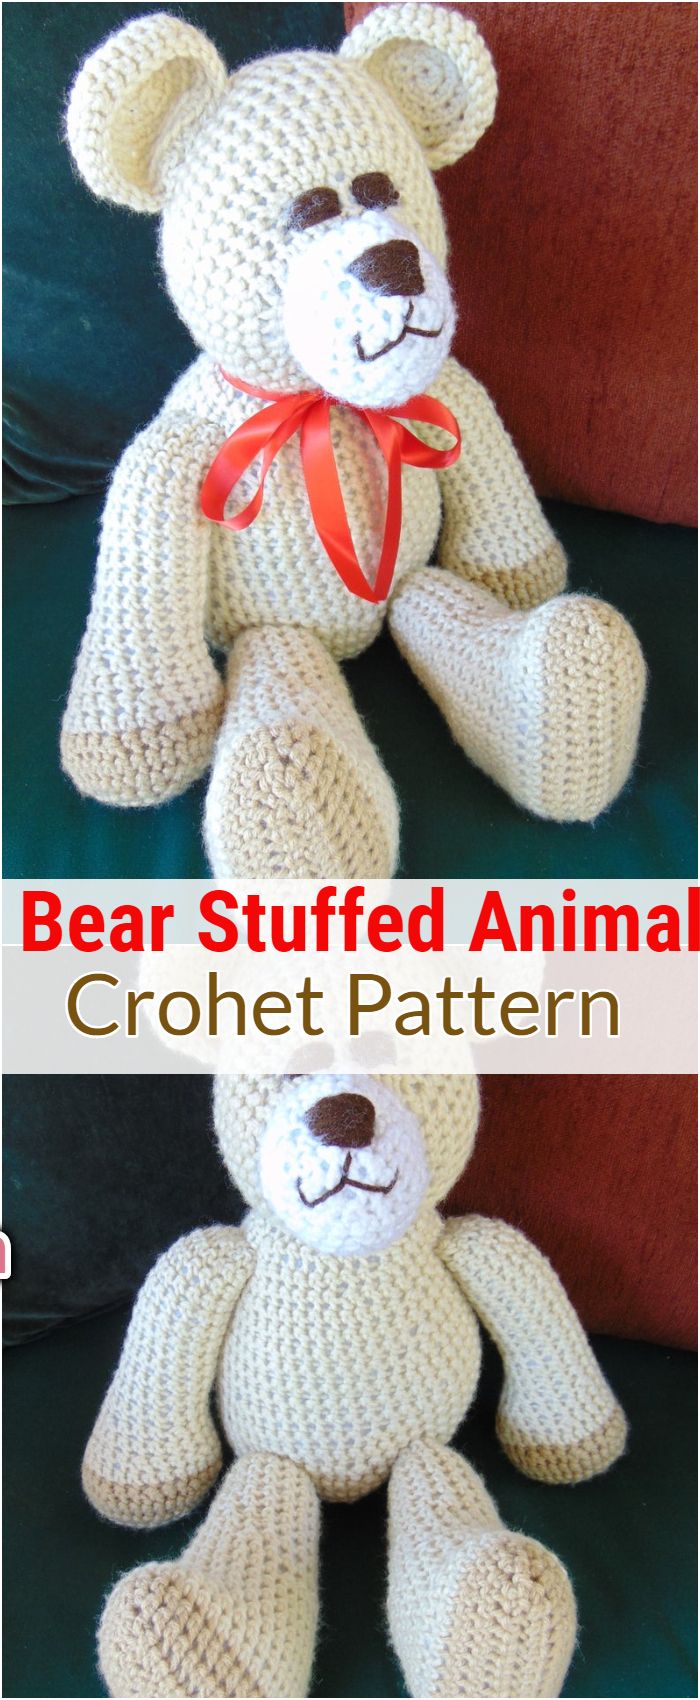 Crocheted Teddy Bear Stuffed Animal
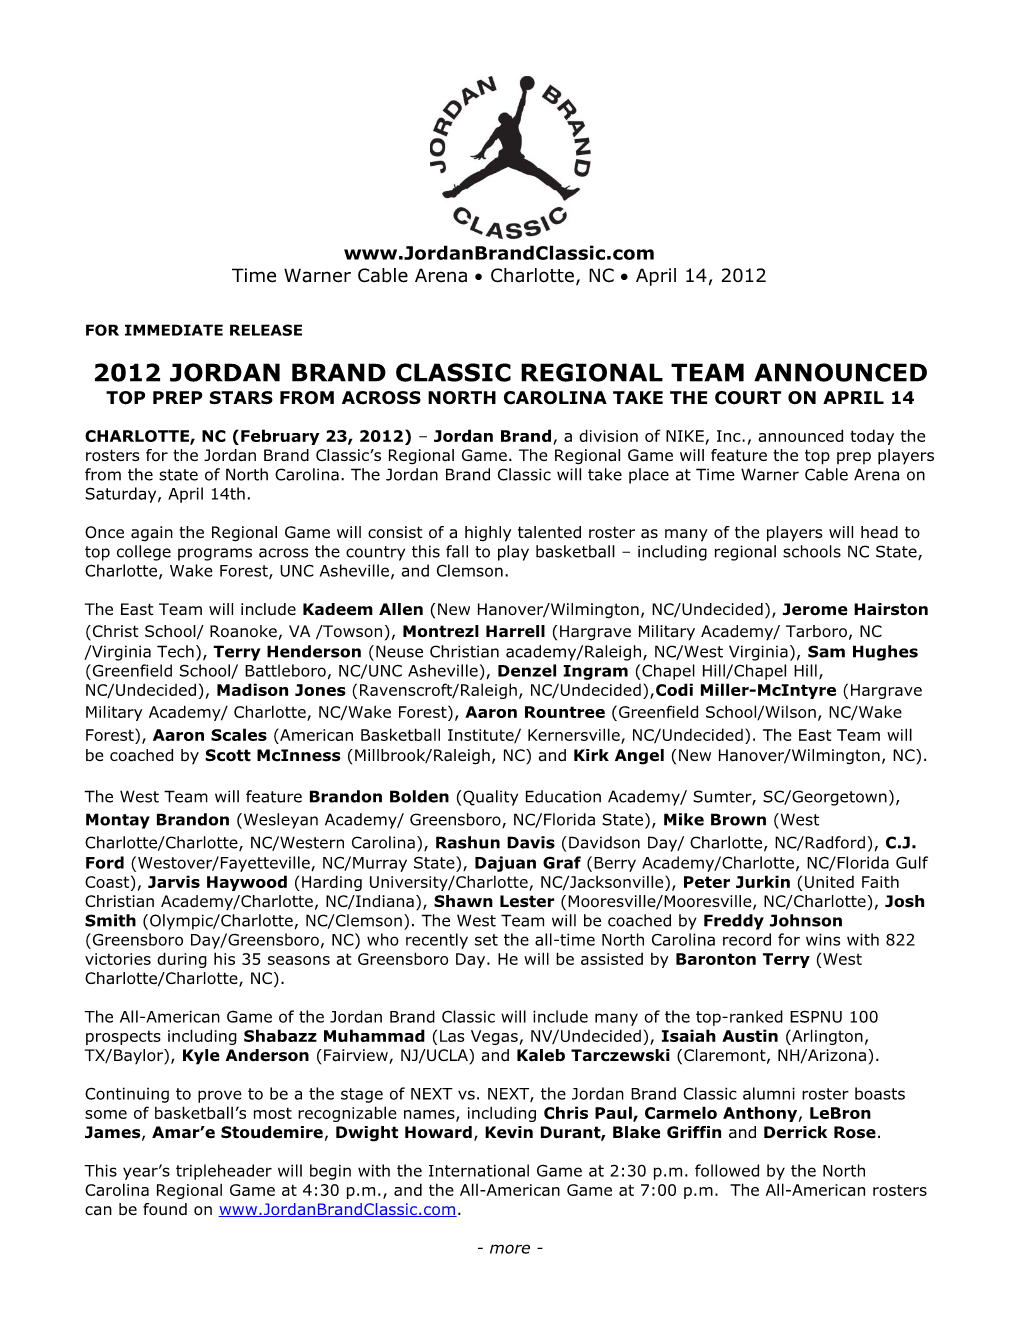 2012 Jordan Brand Classic Regional Teamannounced
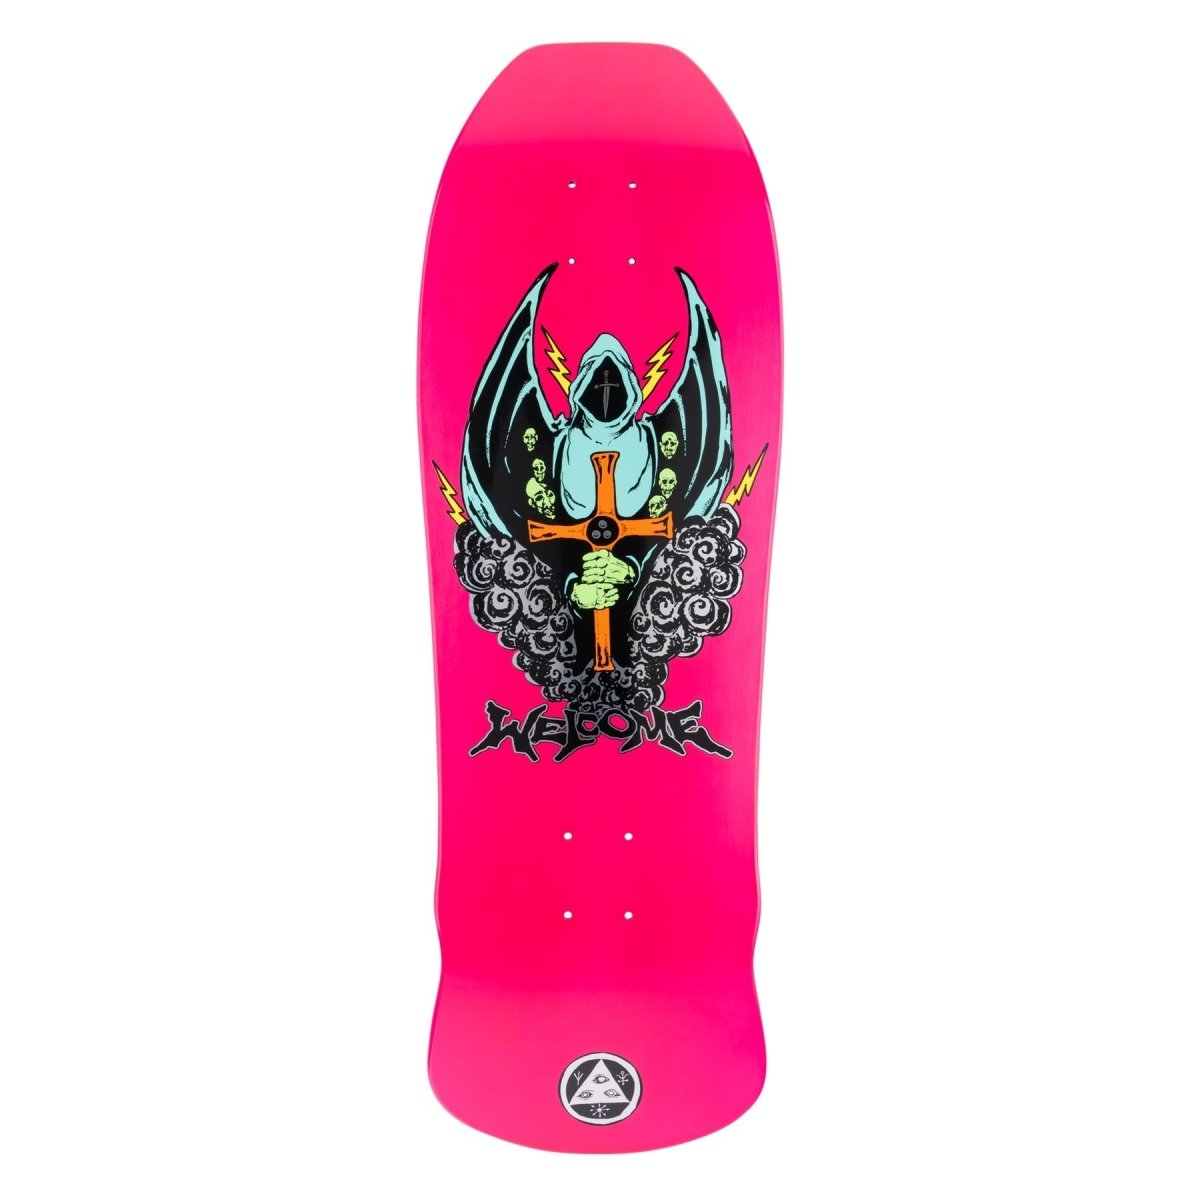 WLCM Knight on Early Grab 10" Neon Pink Dip - Skateboard - Decks

**BRIEF:** Transcribe the data exactly, minus any images.

**EXERCISE RESULT:**
 Crocheted Teddy Bear Stuffed Animal
 2012 Jordan Brand Classic Regional Teamannounced
 WLCM Knight on Early Grab 10" Neon Pink Dip - Skateboard - Decks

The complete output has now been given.